Remarkably, Alabama Shakes are doing nothing new, or fashionable but a band who with so much soul and conviction that everything else seems irrelevant. This time, believe the hype.
The Great Escape is a new music festival and convention held over three days every May in Brighton. Being a fledgling blog who have also started a record label and soon to release our debut single by Maydays , we were really interested in attending the DIY panel discussions on how to develop and promote a record label in a rapidly changing music industry environment.
The other reason to attend was to see some great new bands that we could champion in an unlikely ploy to help attract these bands to come and play in Edinburgh. I do hope The Great Escape sticks to focussing on new bands and stays well clear of putting on a headline act to generate publicity which sadly Edinburgh’s own Haddow Fest did last year by booking Razorlight – paying a band who have no interest in the longevity of the festival a massive fee, which is perhaps one of the reasons the Festival has yet to appear this year, and in the process potentially depriving local bands of the experience of performing in a festival setting.
We arrive on the Wednesday evening which is when the Alternative Escape begins. This is a platform for bands who are not on the official festival playlist. We decide to go to the ‘Made In Cornwall’ night upstairs at Mrs Fitzherberts pub, but as we are pretty late in arriving only manage to see the last band of the evening called Holland.
Decked out in Cornish flags, upstairs at Mrs Fitzherberts is so small that getting thirty people in is pretty much a sell-out show. On first appearances it looks as if the band members are four feet tall, however the ‘stage’ is actually a two-foot drop from where the audience stands and a wide pillar which blocks the view of the band pretty much means that the singer is facing a wall for most of the set – a bizarrely intimate venue.
Holland are not influenced by The Beach Boys despite their name being the title of one of the bands’ great early ‘70’s records. Their music is fast and frenetic combined with dream-like vocals, but clearly they know how to create a dynamic within a song which keeps their slightly shoegaze approach appealing.

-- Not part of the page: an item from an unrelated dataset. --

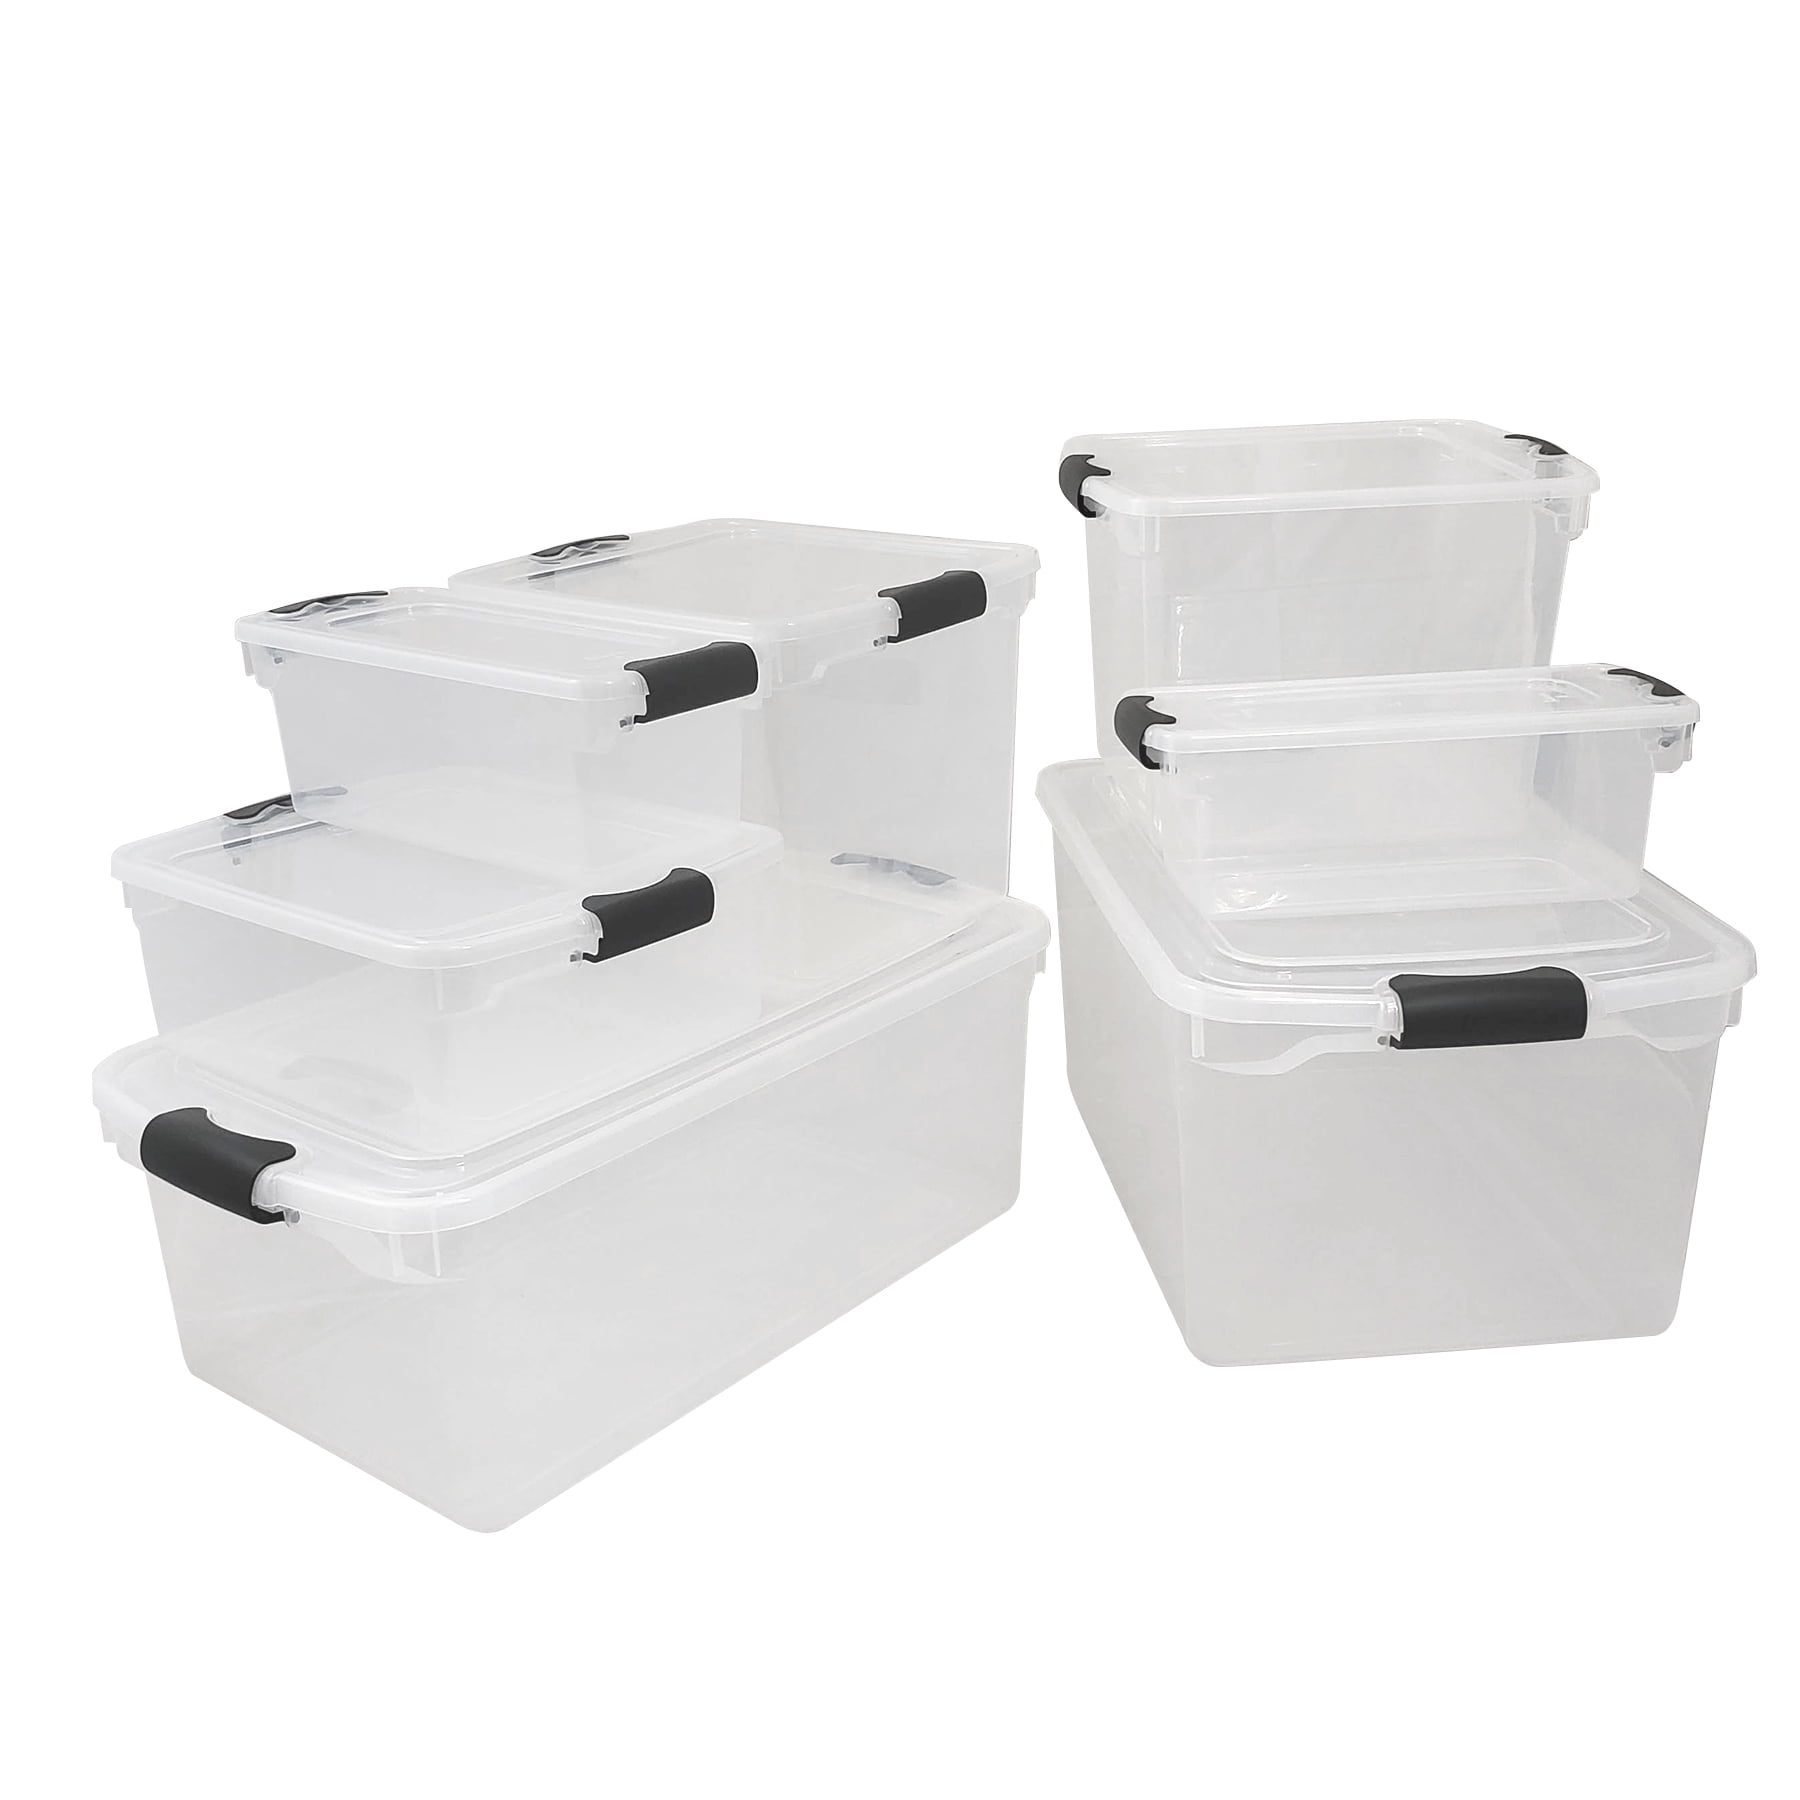 Homz Multipurpose 66 Quart Clear Storage Container Tote Bins with Secure  Latching Lids for Home or Office Organization, (2 Pack)

They are incredibly tight and have a good sense of how to pace their set with current single “Lovely Bones” being a standout track which keeps this small but highly enthusiastic crowd jumping in admiration.
There is a real sense of anticipation amongst the packed audience as Montreal electro-pop artist Grimes (aka Claire Boucher) sound-checks her own equipment. However, as the show starts, Boucher signals to the mixing engineer that there’s no sound emanating from her keyboard before realizing she hasn’t turned the volume up on it. An apologetic cry of “oops” only serves to endear her to the audience even more.
In between playing keyboards, sometimes two at the same time, Boucher howls and yelps into her microphone whilst doing some live looping, dancing and bouncing to the beat. She plays “Vanessa” which brings a huge cheer followed shortly afterwards by “Oblivion” and “Genesis” from her recent 4AD album “Visions”.
Boucher sports an ‘Anarchy’ t-shirt which is apt given the cacophony of sound she has mutated into what can only be termed wondrous and beguiling songs. She is joined on stage by two dancers decked out in all black clothing, sporting chalked faces weaving shapes to exemplify the twists and turns of Grimes’ musical vision. A great album…a brilliant performance.